Oop, that’s wrong. It’s that Generators and sum itself are adding that function boundary that you’re missing. That is:

julia> function f(i, a, aa)
           @propagate_inbounds p(j) = log(exp(a[i+1]) + exp(a[j+1]))
           @inbounds sum(p(j) for j in aa)
       end
f (generic function with 1 method)

julia> f(5, 1:5, axes(1:5,1))
ERROR: BoundsError: attempt to access 5-element UnitRange{Int64} at index [6]

If you move that @inbounds inside the generator, then you’re ok. I’m not sure if we have a way to tag a Generator as propagating inbounds, particularly if it’s getting called from within a higher-order function.

julia> function f2(i, a, aa)
           @propagate_inbounds p(j) = log(exp(a[i+1]) + exp(a[j+1]))
           sum(@inbounds p(j) for j in aa)
       end
f2 (generic function with 1 method)

julia> f2(5, 1:5, axes(1:5,1))
31.200074158612694
4 Likes

I see, thanks.
But this basically means, that I have to specify @inbounds in downstream functions, where I don’t necessarily know, if everything will actually be in bounds. By explicitely marking the sum’s Generator inside f(i) as @inbounds, I lose bounds checking for uses of f(i) where I can’t guarantee that everything will be in bounds.

Is there a way to do some sort of explicit @inbounds propagation?

Propagation also seems to break with broadcasting. So I will need manual propagation for lambdas, Generators and inside broadcasted functions?

Example:

using LinearAlgebra
function foo(a)
    aa = axes(a, 1)

    @propagate_inbounds function f(i, x)
        @propagate_inbounds p(j) = log(exp(a[i+1]) + exp(a[j+1]))
        log(a[i+1] * sum(@inbounds p(j+1) for j in aa) - x)
    end

    sum(i -> (@inbounds a[i+1] * dot([1,2,3,4,5], f.(i+1, [1,2,3,4,5]))), aa)
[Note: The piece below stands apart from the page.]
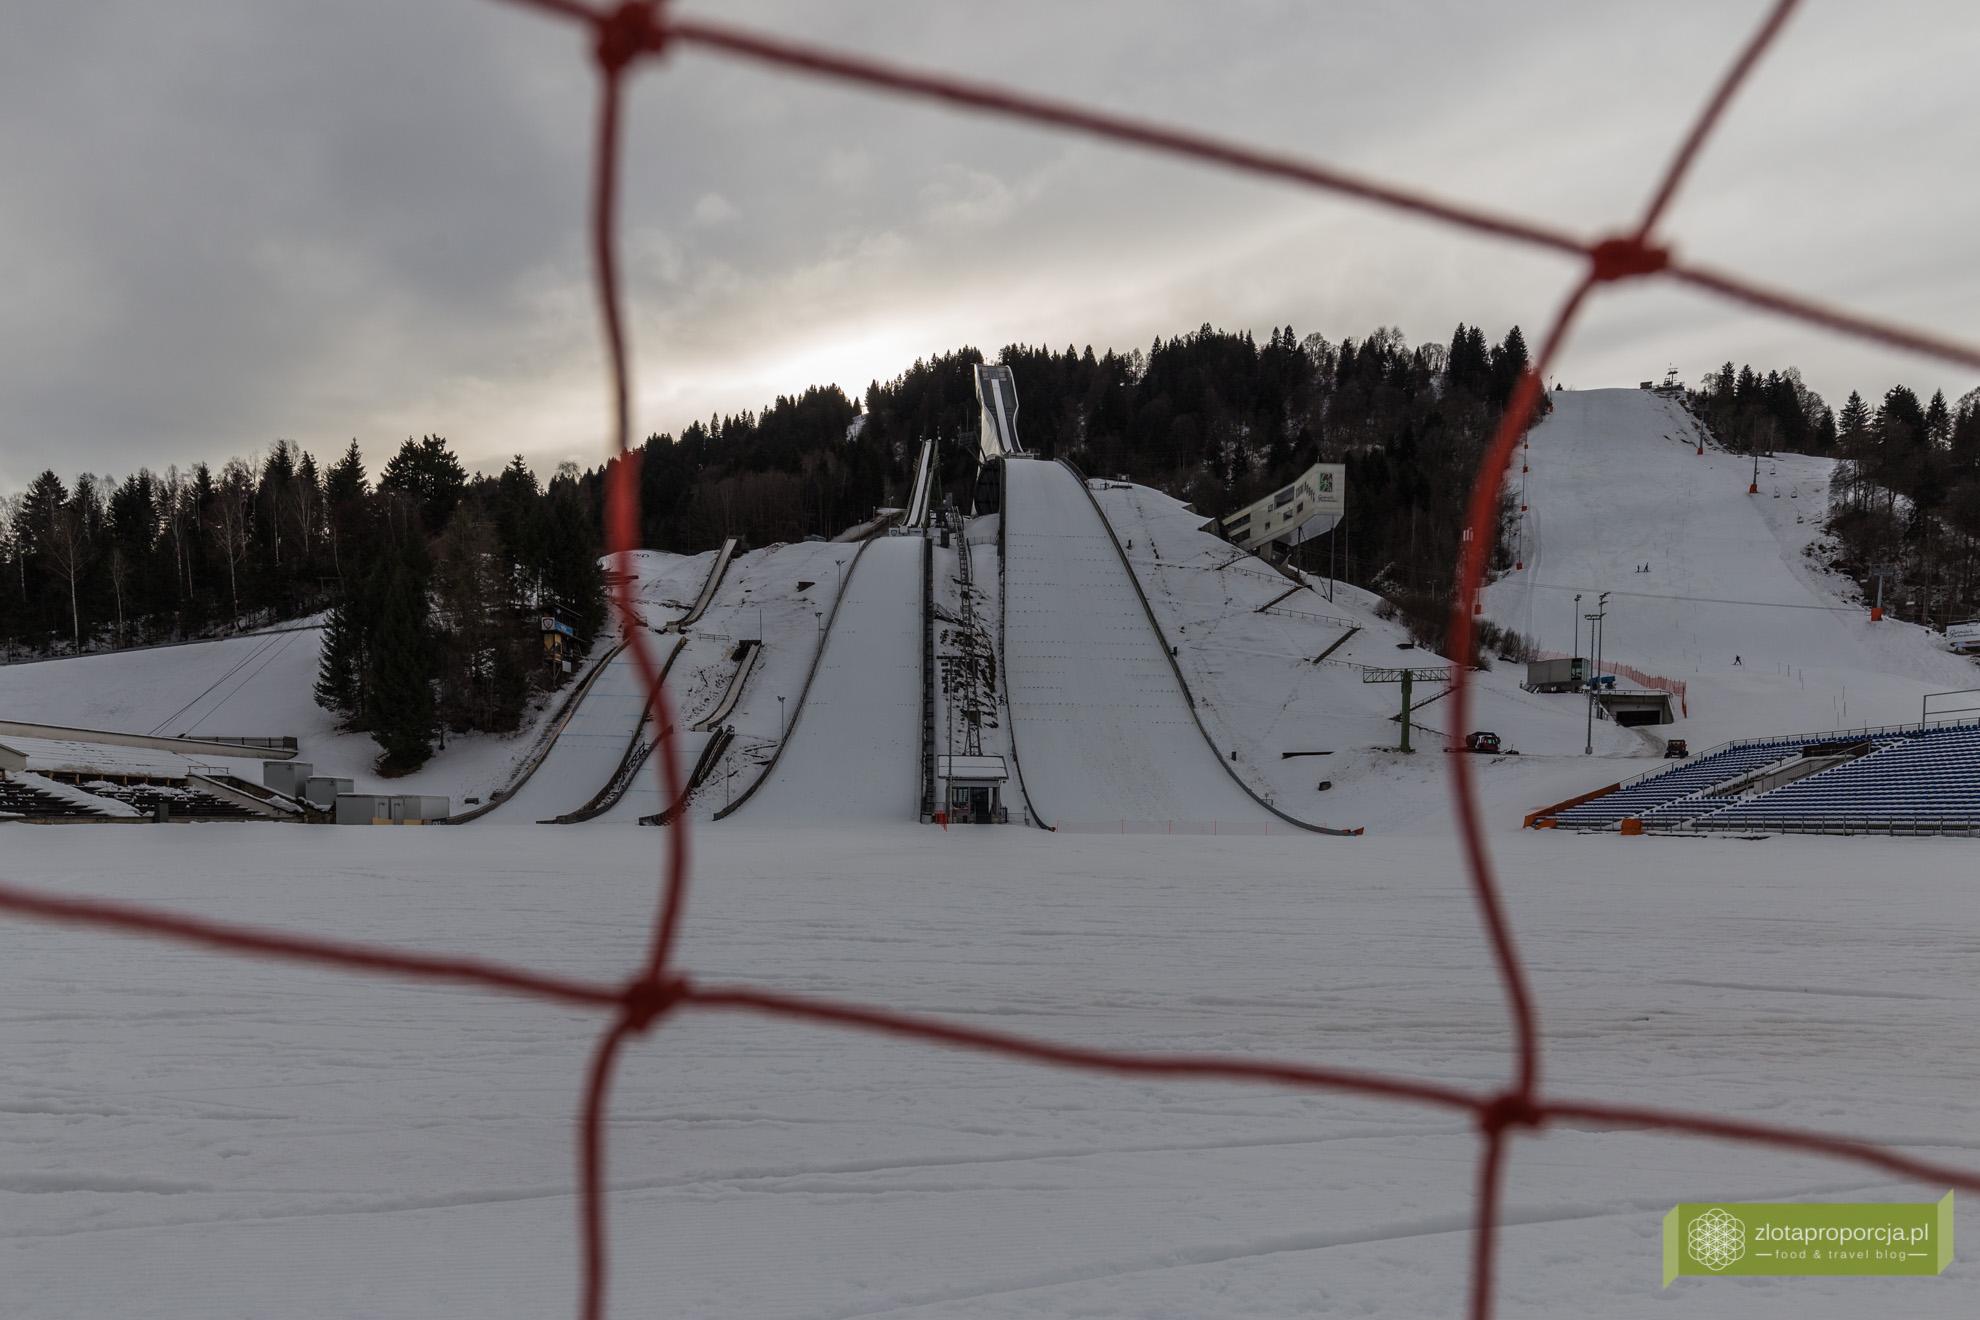 Garmisch-Partenkirchen, Bawaria, skocznia Große Olympiaschanze

    # Same result with this instead of sum:
    #ret = zero(eltype(a))
    #@inbounds for i in a
    #    ret += a[i+1] * dot([1,2,3,4,5], f.(i+1, [1,2,3,4,5]))
    #end
end

still throws a BoundsError because of the a[i+1] factor in front of the sum.
When I replace the line with log(@inbounds a[i+1] sum... it seems to work.

Yeah, in general, we don’t want higher order functions to @propagate_inbounds because we don’t know if it’s ok and intended to elide bounds checks within the passed function and because we don’t really want functions like sum to inline. While you can mark anonymous functions with @propagate_inbounds, too, I think you’re just going to end up tying yourself in knots and running into walls. You’re trying to get inbounds propagation to do something it was not really intended to do, so you’ll keep running into cases like this.
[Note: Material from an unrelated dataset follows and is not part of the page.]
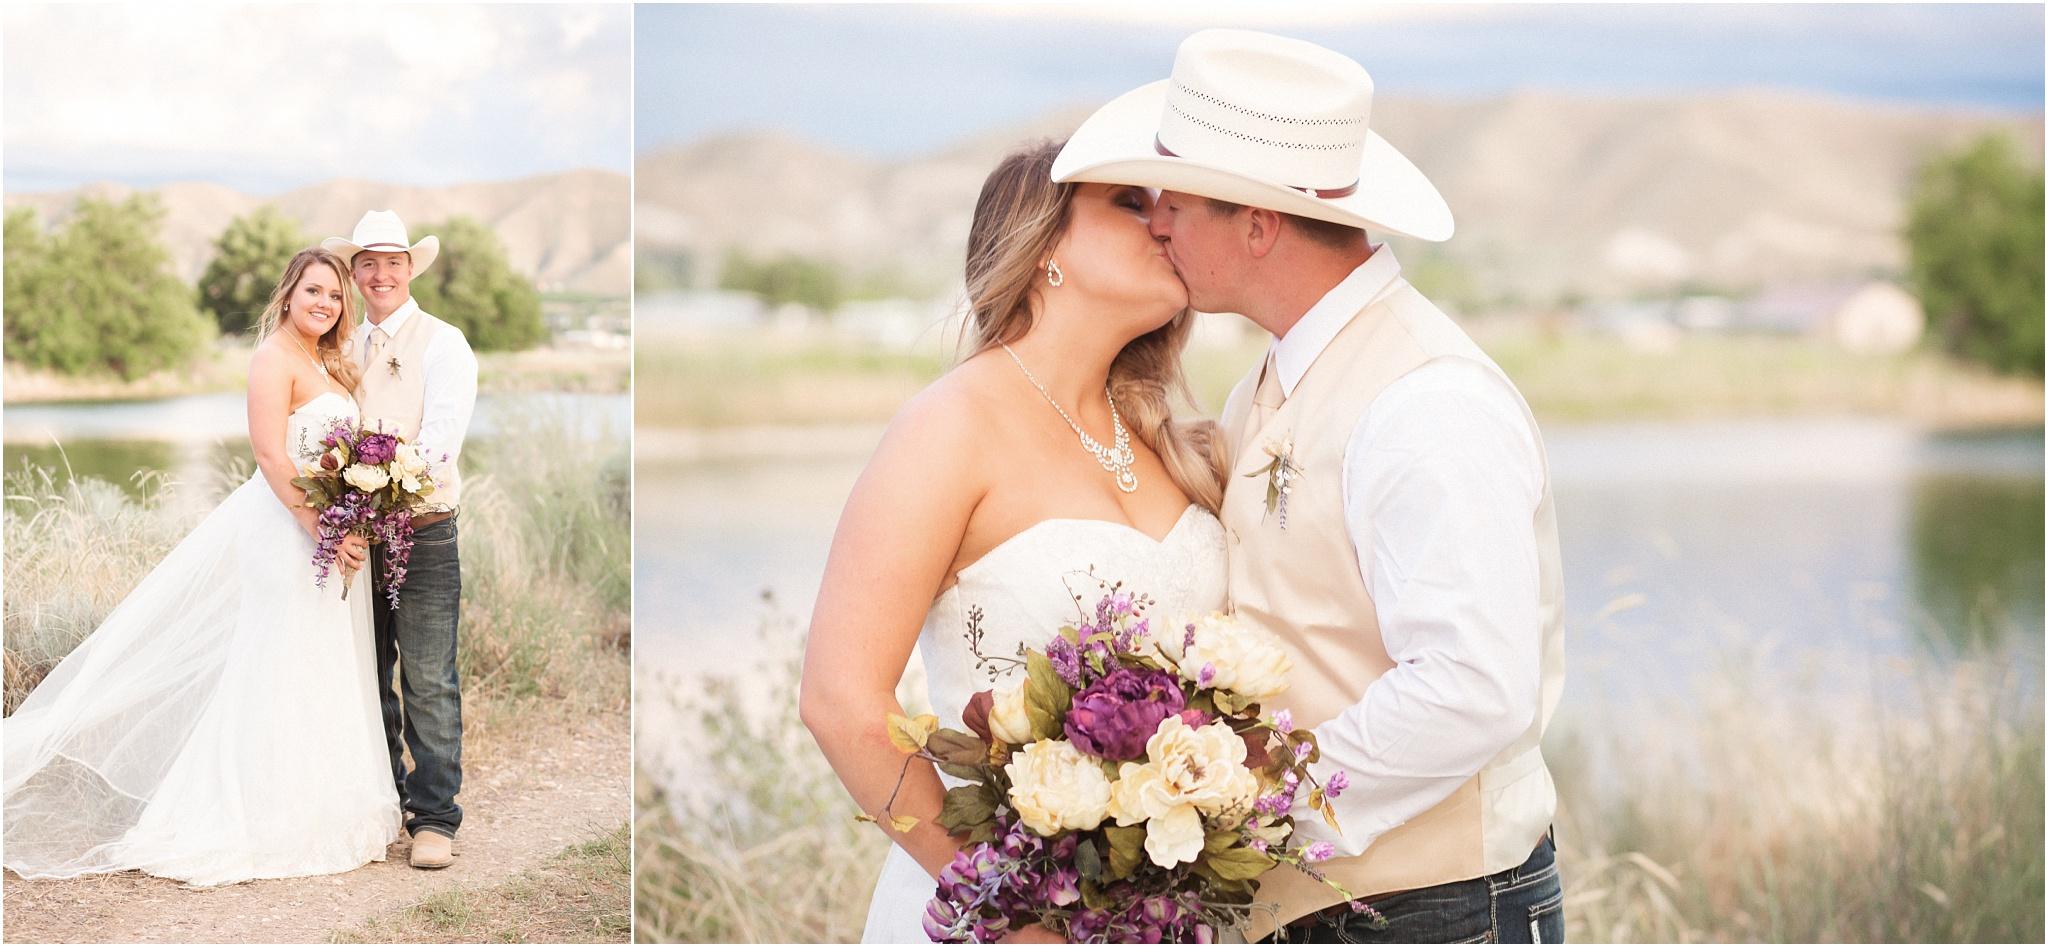 Wedding Photography_Emmett Idaho_Boise Idaho_Leah Southwick Photography_0050.jpg

That is, @propagate_inbounds was built for indexing-infrastructure sorts of patterns where you have full control of the call stack and you’re really depending upon inlining in any case. Higher order functions, broadcasting, generators, etc., are often best served if they don’t inline.

3 Likes

Interesting. I’m not yet entirely sure, how bounds checking relates to inlining.

How is


function foo(a)
    ret = zero(eltype(a))
    for i in axes(a,1)
        ret += f(a, i)
    end
    ret
end

different from

function foo(a)
    sum(f(a, i) for i in axes(a, 1))
end

for some

@propagate_inbounds f(a, i) = ...

?

It’s just the implementation, driven by the intended use-cases. Bounds-check removal requires changing the code in a function you’re calling. It’s a spooky action at a distance. Instead of building a full second function body, the compiler does the transform as part of the inlining step — it’s already plopping a copy of the function body right into the caller, so it can do a little transform in the process.

In all three cases, I’d argue that you want @inbounds f(a, i), because it’s at that level that you know i is valid for a given how f works. That’s where the for loop was defined.

3 Likes

Ok, makes sense. And I guess disabling the propagation for actual library code (like generators or broadcasts) and enabling the propagation for the code inside the lambda/generator/broadcast is too complex / not worth the effort.